The number one reason for UK borrowers releasing equity from their homes is to boost their pension income and savings, as record low interest rates continue to eat into pension pots, a report has found.
According to the Equity Release Council’s 'Home Advantage' report, out today (August 18), the majority of homeowners (57 per cent) are interested in accessing money from the value of their property in later life.
The report highlighted how the shift away from secure jobs with long tenures to less secure employment and self-employment with greater job mobility was affecting younger generations’ pension incomes.
It found nearly half (49 per cent) of people surveyed in their thirties have already had five or more jobs in their career – almost as many as those in their sixties (55 per cent).
“Modern workers will have lower pension income on average than some earlier generations, increasing the need for other sources of funds,” the report found.
This is compounded by a growing number of thirtysomethings whose financial futures are developing a lot later than expected.
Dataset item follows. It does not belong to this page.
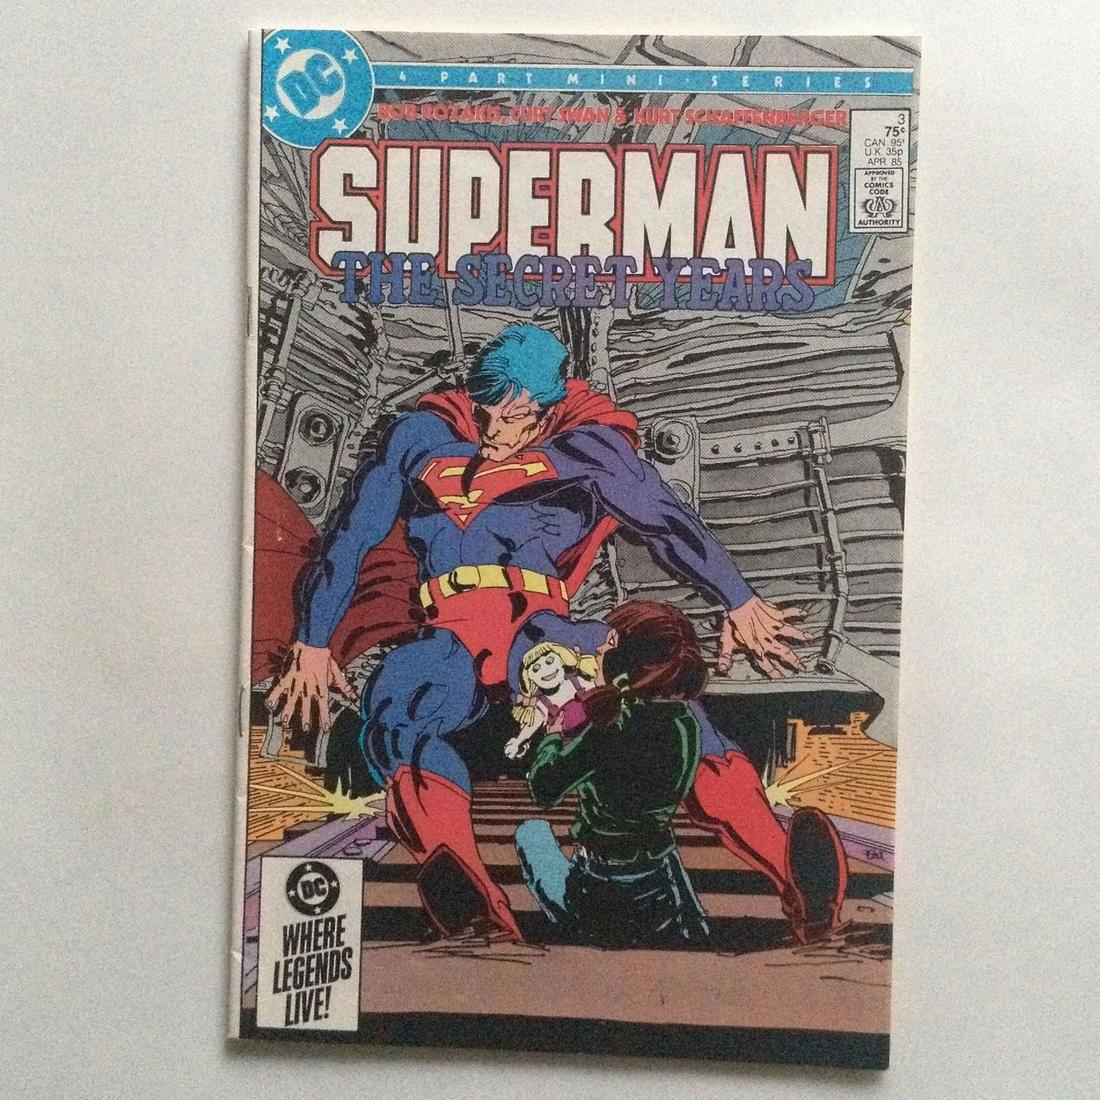 SUPERMAN THE SECRET YEARS #3 1985 comic book DC

Nearly half (46 per cent) of homeowners in their thirties have relied on financial help from family or friends for instance.
Stephen Lowe, group communications director at Just, said this highlighted how "powerful societal forces are shifting the landscape of retirement planning.
“These changes bring both threats and opportunities but there is a clear theme that equity release will have an increasingly important role to play in helping people plan for retirement and enjoy a better quality of life in their later years.”
With the UK base interest rate falling to 0.1 per cent in March 2020, a large savings pot is now required to support a set retirement income.
In 1991, the Bank of England base rate was 14 per cent and 10-year government bonds yielded more than 10 per cent. But at the start of 2021, the 0.1 per cent base rate meant the yield on 10-year government bonds had fallen to 0.3 per cent.
Pension incomes have also been affected by an increasingly ageing population, and the shift from defined benefit to defined contribution schemes as private sector employers become increasingly unwilling to shoulder the cost of reduced investment returns.
As a result, a significant gap between these types of pensions has emerged. For every £1,000 a typical employee received in their last annual salary, they could expect £670 from a DB pension in retirement but just £150 from a DC scheme, according to the ERC report.
For Lowe the UK is “rapidly approaching a time when this is replaced by the different outcomes for those who own their own home and those that don't."
He added: “For the mass market of 'Middle Britain' consumers, buying a home and creating equity rather than renting will have a profound effect on people's ability to meet their own retirement aspirations.”
The report estimated savings from getting a mortgage versus renting over a 30-year period stands at £326,214 today.
David Burrowes, chair of the ERC, reckons “there is no sign of the pace of change slowing down in the post-pandemic world” when it comes to the popularity of equity release - both as a supplement for declining pension incomes, and as a way for parents to help their children onto the property ladder.